Рабочие Рублевского водопровода утверждали, что курс на всеобщую трезвость имеет важное политическое значение: «Война ожидается длительная. Необходимо напряжение всех сил русского народа для того, чтобы выдержать эту борьбу и окончить ее коренным устранением всех тех ранее совершенных несправедливостей, которые нарушают мирное сожительство народов. Миллионы рабочих сил народа отвлечены на поле битвы; они должны быть возмещены в общей экономии организма народного усиленным трудом оставшихся, и необходимо охранить этот труд от всего, что ослабляет его, что нарушает спокойный обиход жизни».

Такие настроения были не единичными. Очевидец событий инженер Н. М. Щапов отметил в дневнике: «Пьяных нет… Все этим очень довольны. Наш дворник Иван Кононов выпивал регулярно, теперь радуется; собирается водку бросить, хотя бы и разрешили».

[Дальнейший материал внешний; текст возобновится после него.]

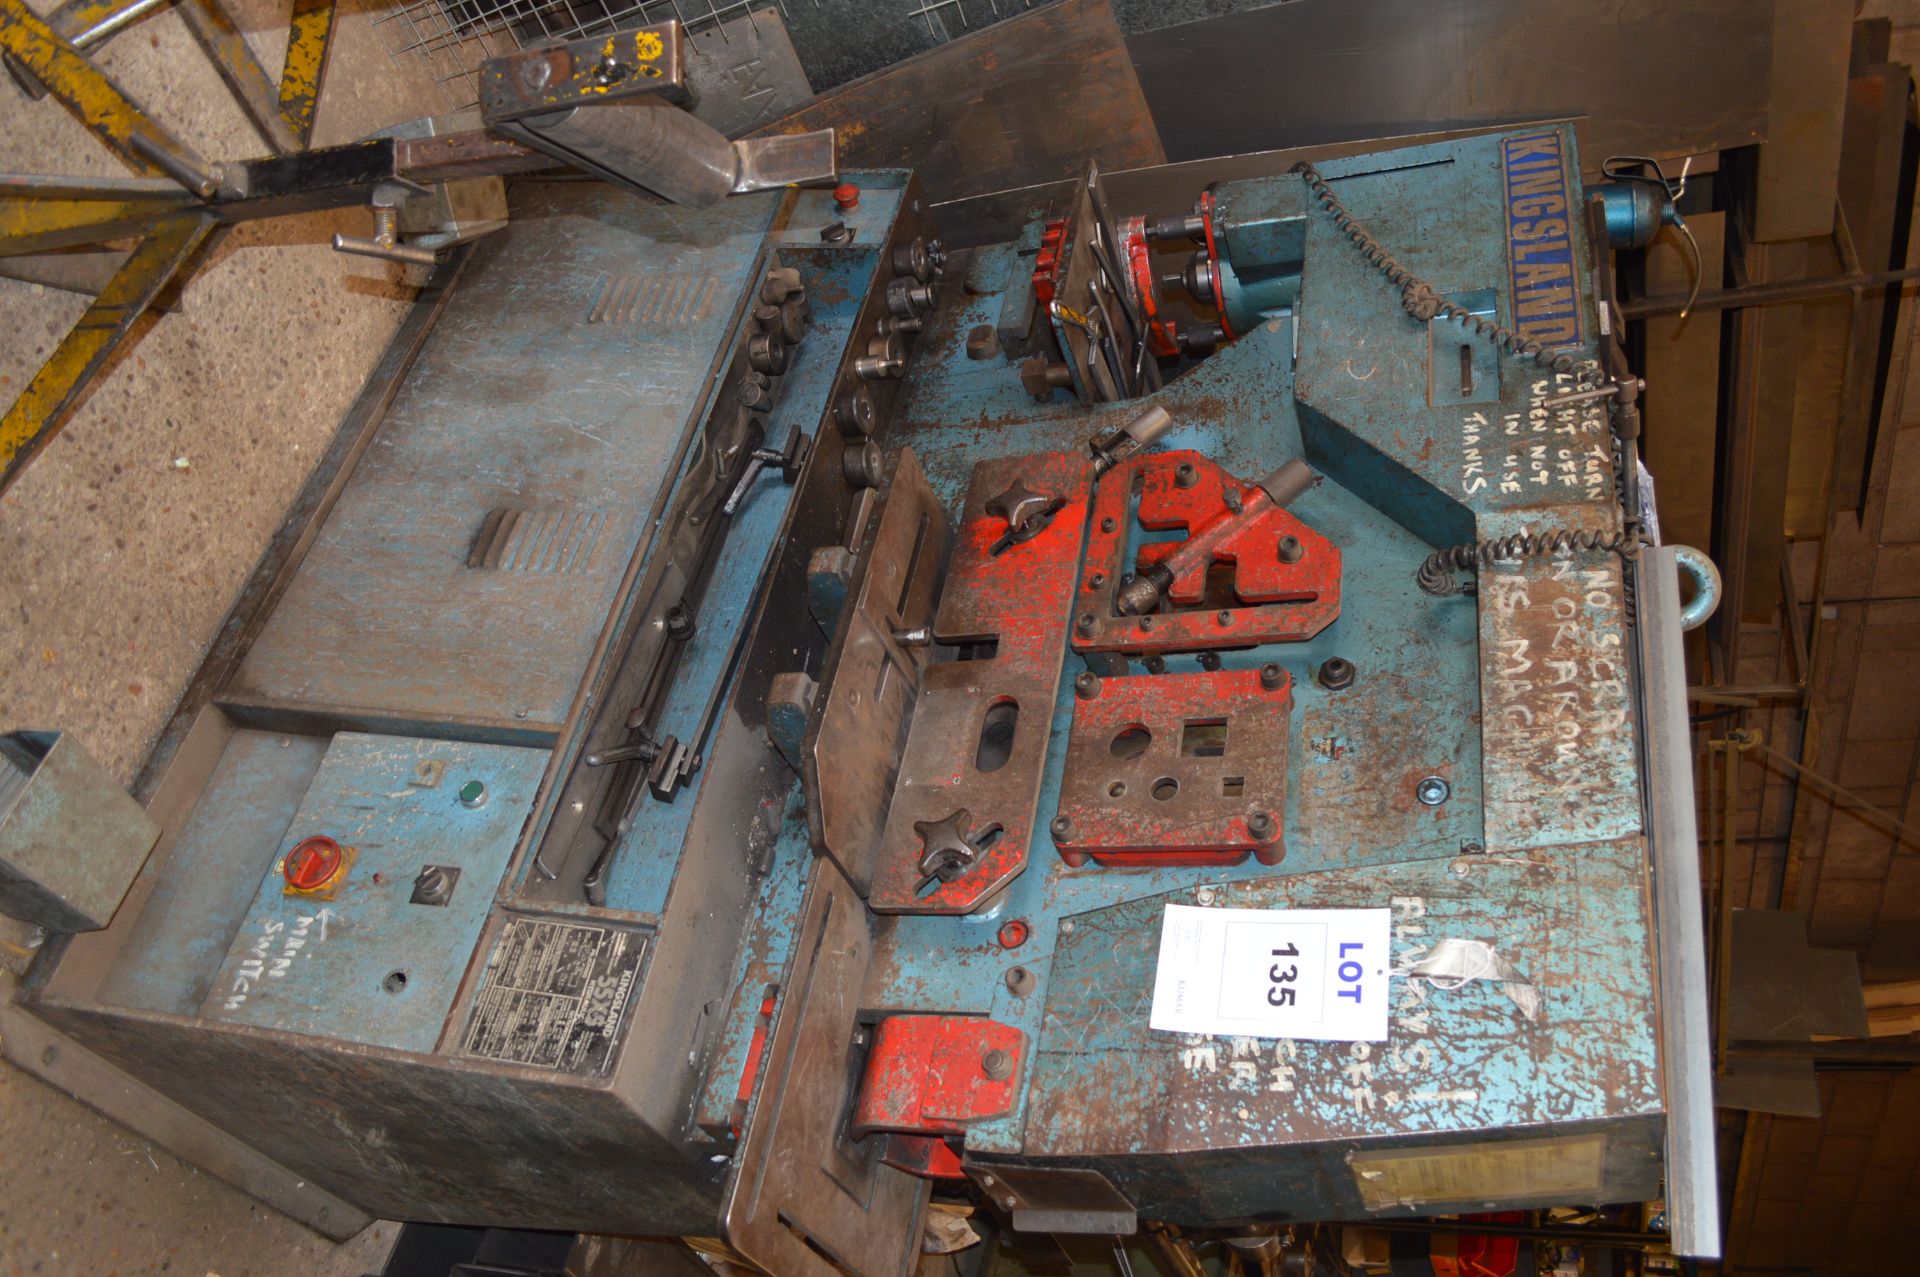 Kingsland 55 XS Metal Worker 
located at Spa Gates Ltd, Blick Road, Warwick CV34 6TA and can only be

На антиалкогольной лекции, устроенной обществом «За Россию», в аудитории Политехнического музея собрались представители разных классов. По свидетельству репортера: «…рядом с работницей в ситцевой кофточке сидит дама в бриллиантах и эспри»*. И все они единогласно постановили обратиться к правительству с просьбой о запрете водки и после войны.


>* Украшение из перьев журавля или фазана для прически или шляпы, отличалось большим размером.

А вот на манифестации, прошедшей 26 августа 1914 года по случаю утвержденного царем запрета на продажу водки, судя по газетным отчетам, преобладали «ремесленники, рабочие, бабы в платках». После молебствия о здравии императора громадная толпа двинулась по Тверской к дому градоначальника. Кроме портретов царя в головной части колонны несли два стяга с надписями: «Да здравствует великий сеятель трезвости государь император» и «Да здравствует трезвость».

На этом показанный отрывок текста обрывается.